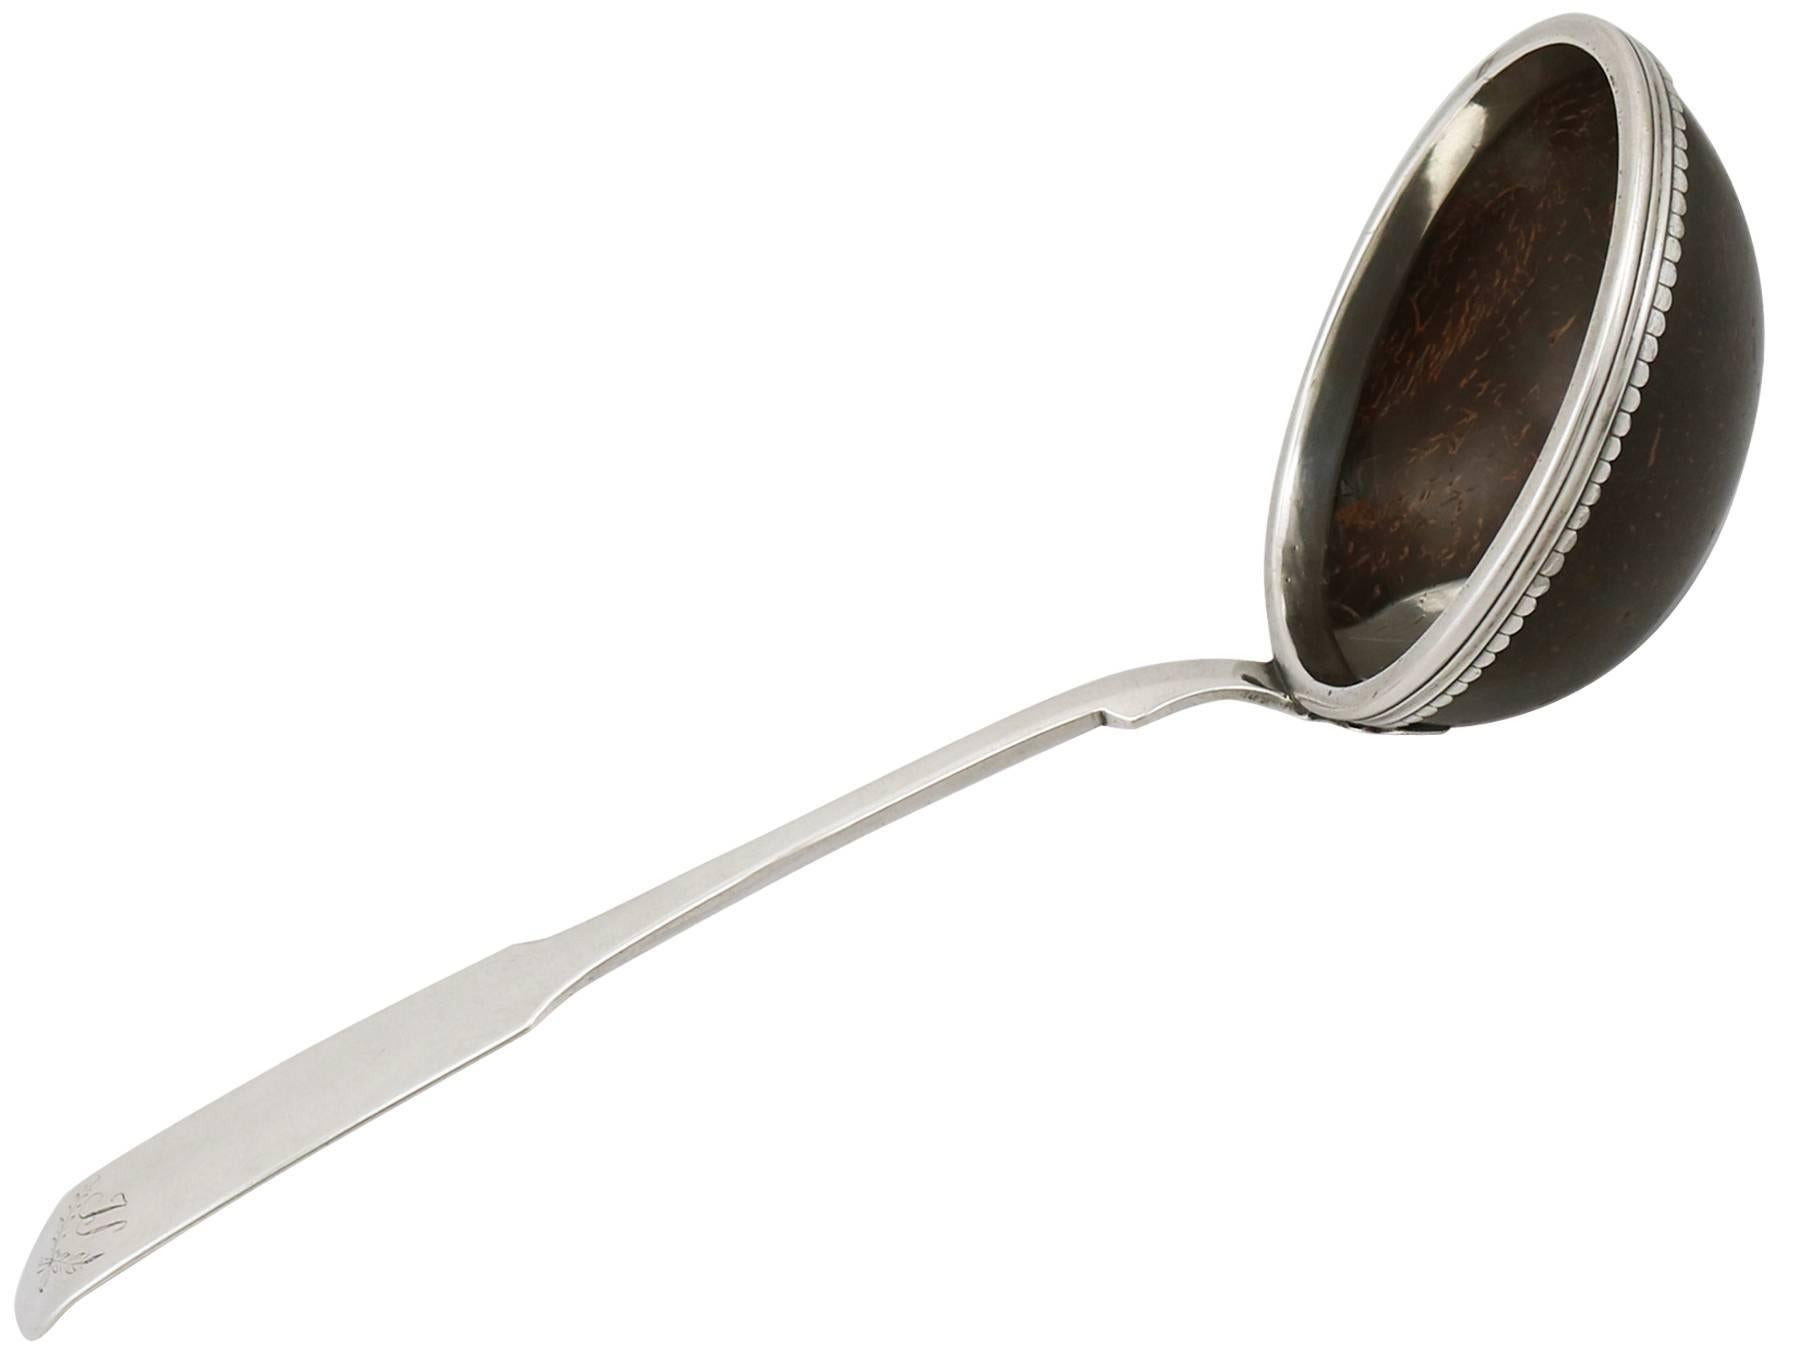 An exceptional, fine and impressive antique Russian silver mounted coconut ladle; an addition to our Russian silverware collection.

This exceptional antique Russian silver mounted coconut ladle has been crafted in the Fiddle pattern.

The anterior
*-*-*
● **Your assignment**:
Print the data once more without any change, skipping each picture.

● **Exercise output**:
 An exceptional, fine and impressive antique Russian silver mounted coconut ladle; an addition to our Russian silverware collection.

This exceptional antique Russian silver mounted coconut ladle has been crafted in the Fiddle pattern.

The anterior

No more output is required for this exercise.